American Literature: Romanticism
 
Student Midterm Samples 2013

midterm assignment

3. Web Highlights

 

Carrie Hatfield

Three Ways Light & Dark

I don’t think that I am alone in saying that I have always been fascinated by the interplay between light and dark. I think that some of the most “honest” reactions we can have are laced with both positive and negative connotations, that the lines are drawn very finely between genius and insanity, beauty and the grotesque, and that as no person can be wholly good or wholly evil, our perceptions are often tied up in many shades of grey. This is why I am fascinated by the gothic and the sublime. Gothic language allows us to revel in a little wickedness, and gives us permission to find beauty in the lurid, corrupt, or macabre. The sublime on the other hand, can be neutral. It can merely indicate a grandiosity of scope, or it can be both positive and negative at the same time (which is what I truly love,) evoking an extremity that is transcendent in its contradiction.

            In “Chiaroscuro: Reconciling Light and Dark in Teaching Romanticism,” Kyle Rahe describes the universal nature of light/dark comparisons, and their usefulness in teaching romantic literature. I was previously unfamiliar with the term, “Chiaroscuro,” and immediately felt the need to look it up as it was not defined (except possibly by inference) anywhere in the text. I was delighted to find that has several meanings related to various arts media: pictorial representation in terms of light and shade without regard to color, the arrangement or treatment of light and dark parts in a pictorial work of art, the interplay or contrast of dissimilar qualities (as of mood or character,) a 16th century woodcut technique involving the use of several blocks to print different tones of the same color; also : a print made by this technique, the interplay of light and shadow on or as if on a surface, or the quality of being veiled or partly in shadow (Webster).

As a teacher and in my graduate career I have been careful and determined to observe and teach these interplays of light and dark as they were woefully missing from my high school and undergraduate educations.

            In “Human Nature in Characters and Motivation in Authors: A Look at Hawthorne and Poe,” Sarah Coronado looks at the darker tendencies in Hawthorne’s and Poe’s works and what they say about people’s natural tendencies. I really enjoyed Sarah’s class presentation as well and thought that questioning and exploring the very human tendency toward the “dark side” was interesting, if not always entirely fruitful (why do we like “darkness” in our art and literature?  Because we do.)  Though not stated in the essay, I also think that the gothic can, at times, emphasize light and or hope.
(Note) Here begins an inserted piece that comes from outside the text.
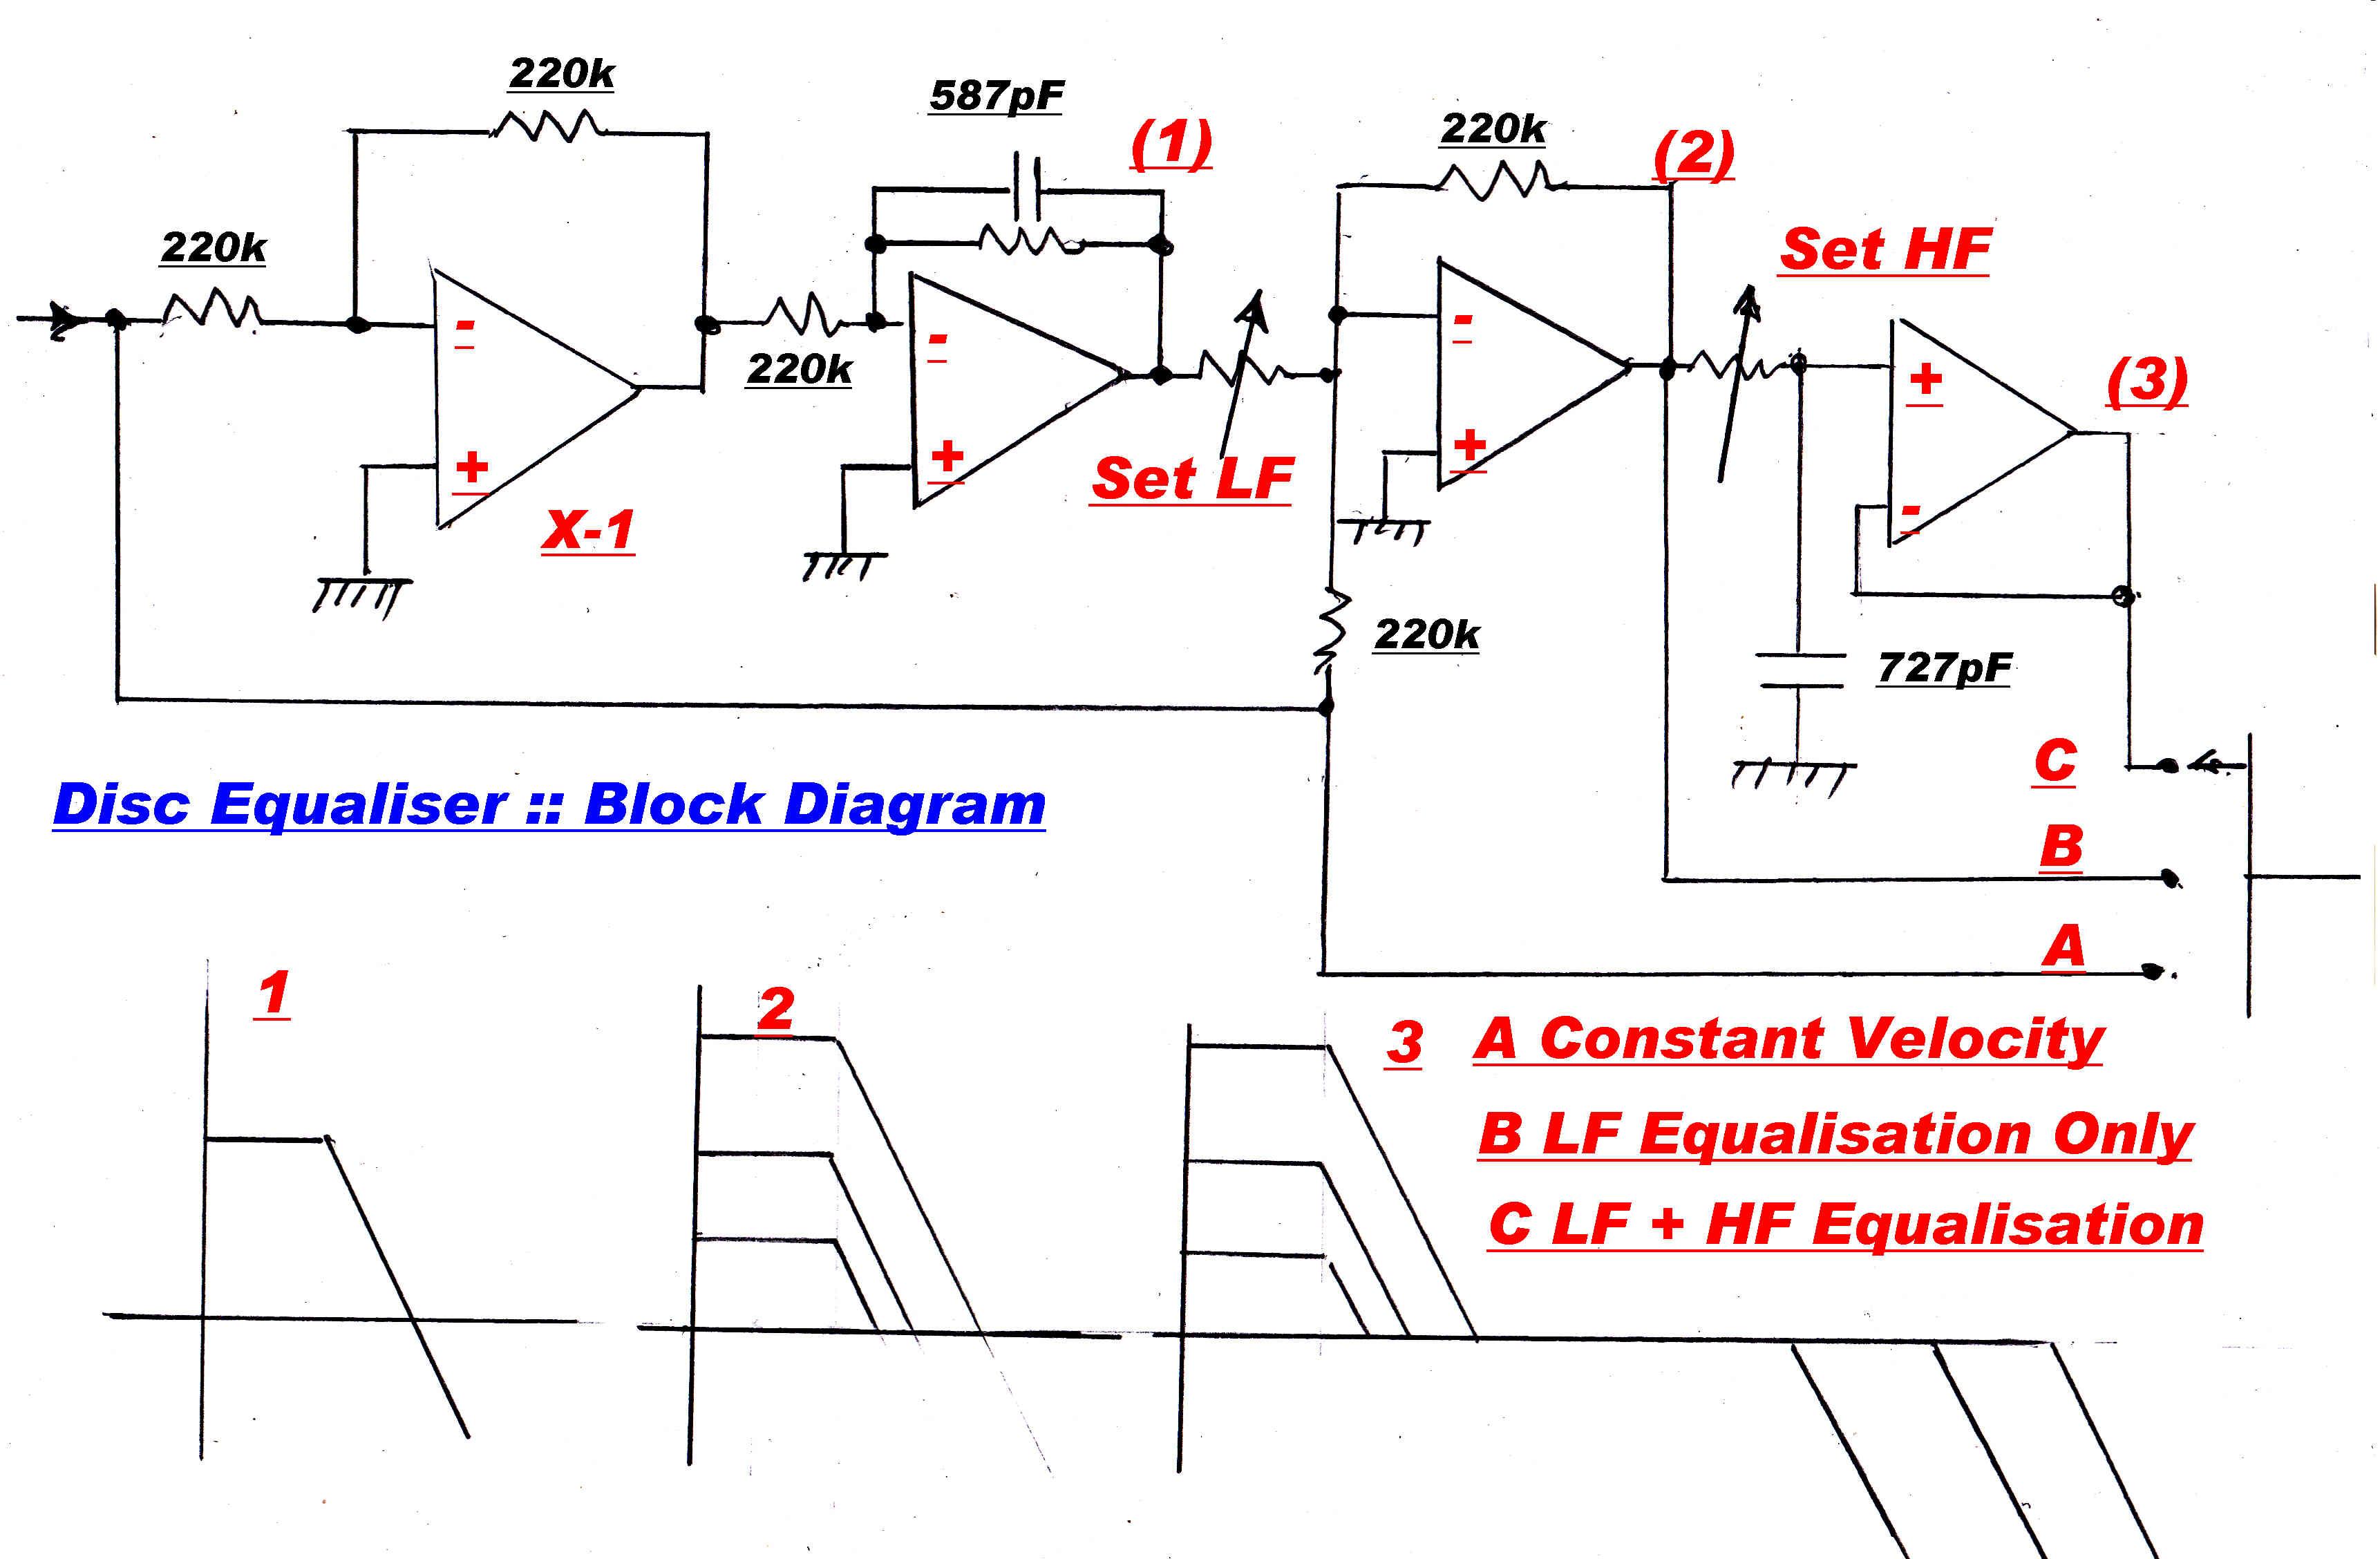 Oven Temperature Controller Circuit Diagram Tradeoficcom Wiring Voltage Controlled Oscillator Shuttle Track

For example, in “The Minister’s Black Veil,” the veil itself, though a sinister symbol, makes Minister Hooper “more approachable” thus furthering his potential outreach as an agent of good/God. Sarah seems to be on the brink of mentioning this but seems to shy away when she says,

Ironically, however, the very nature of the black veil is precisely what makes Minister Hooper “a man of awful power over souls that were in agony for sin…its gloom, indeed, enabled him to sympathize with all dark affections” (629). Sinners on their deathbed, though they “shuddered at the veiled face so near their own” felt they could, as sinners, relate to the despair and darkness associated with the veil (629).

I think that gothic language often highlights the juxtaposition of light and dark, often “revealing the light” by being dark.

            I was greatly impressed with Kimberley Yancey’s essay, “Slaves and Ghosts: Desire, Loss, and Gothic Styling in Toni Morrison’s Beloved.” I first encountered Beloved academically in Dr. McNamara’s Modernism class. Obviously, gothic styling was not covered at that time. However, I did have a conversation with my mother about the book. I told her that regardless of the actual “legitimate genre” of the book, this was a horror novel. I told her that stylistically (brace yourself, some people are going to call this blasphemy,) Morrison’s prose in some places resembles that of Stephen King (the modern “king” of the gothic.) I had a basic sense of what gothic is, but in this class those ideas have solidified and achieved a new level of recognition. Though I agree with everything Yancey has to say, I would say “yes, and then some.”  The two passages that, to me, make the novel horror, it’s most graphic, dark, and soul-rending passages are Sethe’s account of the night she ran away, and Paul D.’s story of what happened to everyone else that night. I think that Yancey’s assessment of Denver’s gothic tendencies is very accurate as well.

Denver’s devotion to Beloved is sublime in nature. She is intrigued by Beloved, she loves her and fears her all at once. The act of feeding Beloved through storytelling provides escape for both of the girls; Beloved is able to escape into a world that she never knew and longs for , and Denver is able to escape into an image of her mother birthing her in the wilderness that grants a moment of epic-like significance to her own existence.

            I am fascinated by the interaction of dark and light, as well as the “neutrality” formed by juxtapositions or contradictions. The gothic provides so many ways to accomplish this interplay: loss and longing, obsession, corruption and decay, lurid coloring. Likewise, the sublime is more obvious in its exposition of interaction. It is easier to see that interplay when something is “terrible in the French Sense.”